What is being asked
Please repeat the data shown below, word for word.
====== Available data ======
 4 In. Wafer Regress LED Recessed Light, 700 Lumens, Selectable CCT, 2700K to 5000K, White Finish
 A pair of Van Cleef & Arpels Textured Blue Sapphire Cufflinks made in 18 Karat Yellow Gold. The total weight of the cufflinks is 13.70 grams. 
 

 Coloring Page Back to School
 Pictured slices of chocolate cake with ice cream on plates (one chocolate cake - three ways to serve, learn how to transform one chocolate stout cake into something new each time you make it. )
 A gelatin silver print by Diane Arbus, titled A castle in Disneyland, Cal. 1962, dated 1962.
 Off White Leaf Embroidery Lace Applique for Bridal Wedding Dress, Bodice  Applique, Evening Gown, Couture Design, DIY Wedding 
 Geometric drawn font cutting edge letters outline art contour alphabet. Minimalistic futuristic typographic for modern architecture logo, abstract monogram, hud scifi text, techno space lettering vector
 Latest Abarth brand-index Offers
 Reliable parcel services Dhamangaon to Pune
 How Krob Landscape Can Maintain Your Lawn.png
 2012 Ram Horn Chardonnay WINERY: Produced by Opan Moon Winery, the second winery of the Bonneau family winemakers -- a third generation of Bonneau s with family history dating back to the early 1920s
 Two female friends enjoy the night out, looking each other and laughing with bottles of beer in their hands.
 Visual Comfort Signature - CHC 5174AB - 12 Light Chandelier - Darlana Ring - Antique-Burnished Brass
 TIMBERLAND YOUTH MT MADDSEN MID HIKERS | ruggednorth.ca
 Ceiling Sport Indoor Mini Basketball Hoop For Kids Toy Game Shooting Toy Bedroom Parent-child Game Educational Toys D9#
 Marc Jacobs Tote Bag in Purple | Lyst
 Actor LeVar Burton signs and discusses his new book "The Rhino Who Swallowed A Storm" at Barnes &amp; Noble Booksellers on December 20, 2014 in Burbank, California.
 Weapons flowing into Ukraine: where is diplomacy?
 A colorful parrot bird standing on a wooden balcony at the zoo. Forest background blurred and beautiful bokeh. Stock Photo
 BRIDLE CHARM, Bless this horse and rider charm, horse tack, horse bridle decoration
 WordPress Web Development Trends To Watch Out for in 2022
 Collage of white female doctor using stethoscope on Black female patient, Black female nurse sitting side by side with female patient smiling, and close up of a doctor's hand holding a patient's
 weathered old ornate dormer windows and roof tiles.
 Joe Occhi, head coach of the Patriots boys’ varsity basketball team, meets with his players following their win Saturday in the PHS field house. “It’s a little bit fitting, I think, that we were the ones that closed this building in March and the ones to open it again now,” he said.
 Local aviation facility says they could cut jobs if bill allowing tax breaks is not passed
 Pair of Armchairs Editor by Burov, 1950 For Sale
======
Response to this exercise
 4 In. Wafer Regress LED Recessed Light, 700 Lumens, Selectable CCT, 2700K to 5000K, White Finish
 A pair of Van Cleef & Arpels Textured Blue Sapphire Cufflinks made in 18 Karat Yellow Gold. The total weight of the cufflinks is 13.70 grams. 
 

 Coloring Page Back to School
 Pictured slices of chocolate cake with ice cream on plates (one chocolate cake - three ways to serve, learn how to transform one chocolate stout cake into something new each time you make it. )
 A gelatin silver print by Diane Arbus, titled A castle in Disneyland, Cal. 1962, dated 1962.
 Off White Leaf Embroidery Lace Applique for Bridal Wedding Dress, Bodice  Applique, Evening Gown, Couture Design, DIY Wedding 
 Geometric drawn font cutting edge letters outline art contour alphabet. Minimalistic futuristic typographic for modern architecture logo, abstract monogram, hud scifi text, techno space lettering vector
 Latest Abarth brand-index Offers
 Reliable parcel services Dhamangaon to Pune
 How Krob Landscape Can Maintain Your Lawn.png
 2012 Ram Horn Chardonnay WINERY: Produced by Opan Moon Winery, the second winery of the Bonneau family winemakers -- a third generation of Bonneau s with family history dating back to the early 1920s
 Two female friends enjoy the night out, looking each other and laughing with bottles of beer in their hands.
 Visual Comfort Signature - CHC 5174AB - 12 Light Chandelier - Darlana Ring - Antique-Burnished Brass
 TIMBERLAND YOUTH MT MADDSEN MID HIKERS | ruggednorth.ca
 Ceiling Sport Indoor Mini Basketball Hoop For Kids Toy Game Shooting Toy Bedroom Parent-child Game Educational Toys D9#
 Marc Jacobs Tote Bag in Purple | Lyst
 Actor LeVar Burton signs and discusses his new book "The Rhino Who Swallowed A Storm" at Barnes &amp; Noble Booksellers on December 20, 2014 in Burbank, California.
 Weapons flowing into Ukraine: where is diplomacy?
 A colorful parrot bird standing on a wooden balcony at the zoo. Forest background blurred and beautiful bokeh. Stock Photo
 BRIDLE CHARM, Bless this horse and rider charm, horse tack, horse bridle decoration
 WordPress Web Development Trends To Watch Out for in 2022
 Collage of white female doctor using stethoscope on Black female patient, Black female nurse sitting side by side with female patient smiling, and close up of a doctor's hand holding a patient's
 weathered old ornate dormer windows and roof tiles.
 Joe Occhi, head coach of the Patriots boys’ varsity basketball team, meets with his players following their win Saturday in the PHS field house. “It’s a little bit fitting, I think, that we were the ones that closed this building in March and the ones to open it again now,” he said.
 Local aviation facility says they could cut jobs if bill allowing tax breaks is not passed
 Pair of Armchairs Editor by Burov, 1950 For Sale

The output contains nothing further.